First, in your Sort Lines dialog screenshot, you need to select the 
"Specific sub-patterns:" option instead of "Entire match" in order for the 
lines to be sorted by your column sorting criteria (MSGNO, ADRC_COUNTRY, 
ADRC_REGION, ADRC_POST_CODE1, ADRC_CITY1, ADRC_CITY2, ADRC_STREET and 
ADRC_HOUSE_NUM1). Since the sort lines grep pattern:

\d{3};\w{3};[^;]*;[^;]*;\d{10};(\w{2});(\d{2});(\d{5});([^;]*);[^;]*;([^;]*);([^;]*);([^;]*);[^;]*;\w{2};\d{2};\d{5};[^;]*;\d{12};[^;]*;[^;]*;\d{8};[^;]*;\d{12};[^;]*;[^;]*;\d;\d;\d;\d;\d;\d;\d;\d;([^;]*);[^\n]*

will match every line in your example, using the "Entire match" option 
devolves the sort into a simple whole line string sort which would put the 
MSGNO (i.e. \8 in the example) column contents last instead of first in the 
sort order. (See the "Sort Lines" section in Chapter 5 of the BBEdit User 
Manual for details of using sub-pattern sort ordering.)

With the "Entire match" option, if you look at every 2..> line the left 
part of each line is the same until you get to the part of the string with 
the ADRC_ADDRNUMBER characters so the differences in that part of the 
string is Sort Line's "Entire match" is using to determine the ordering of 
the whole line strings.

Using the "Specific sub-patterns:" option is what allows you to specify 
what substring part(s) of a string/line and what composed ordering of those 
concatenated substring will be used in determining the sort ordering 
between whole strings/lines.

To see what's going on with Sort Lines' "Specific sub-patterns:" option you 
can use BBEdit's Pattern Playground to see what the concatenated substring 
for a line is being used to determine line sort ordering.

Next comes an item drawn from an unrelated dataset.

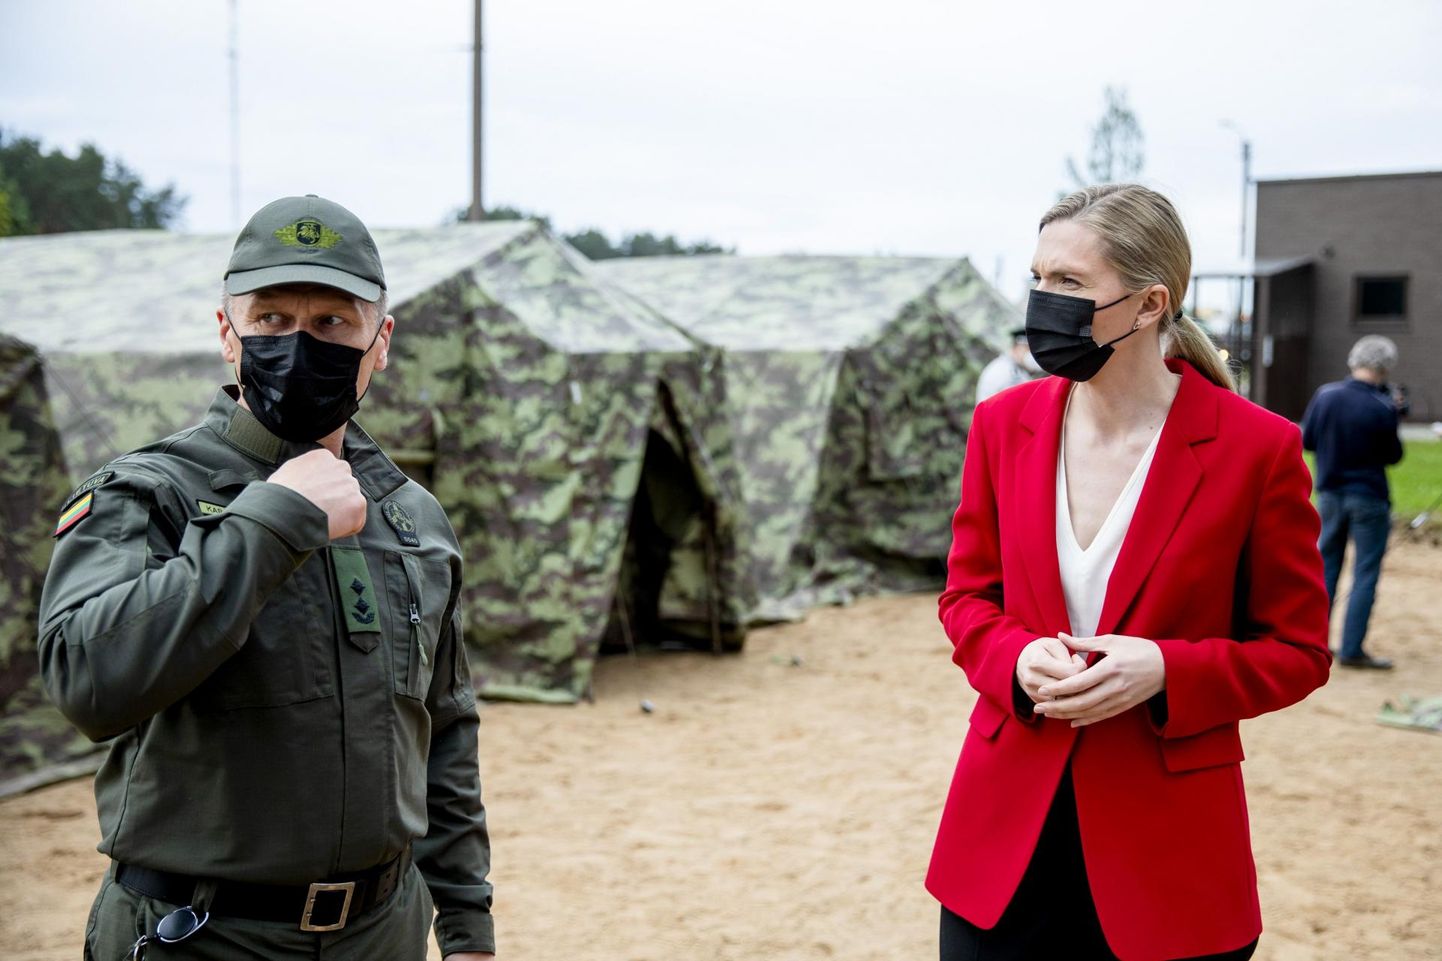 Leedu siseminister Agnė Bilotaitė (paremal) külastas üle-eelmisel nädalal Pabradė põgenikekeskust, kuhu on üles seatud telklinnak Valgevenest saabuvate migrantide majutamiseks.

For "Search 
pattern:" put:

\d{3};\w{3};[^;]*;[^;]*;\d{10};(\w{2});(\d{2});(\d{5});([^;]*);[^;]*;([^;]*);([^;]*);([^;]*);[^;]*;\w{2};\d{2};\d{5};[^;]*;\d{12};[^;]*;[^;]*;\d{8};[^;]*;\d{12};[^;]*;[^;]*;\d;\d;\d;\d;\d;\d;\d;\d;([^;]*);[^\n]*

and for "Replace pattern" put:

\8\1\2\3\4\5\6\7

and for "Contents of" chose an open example file.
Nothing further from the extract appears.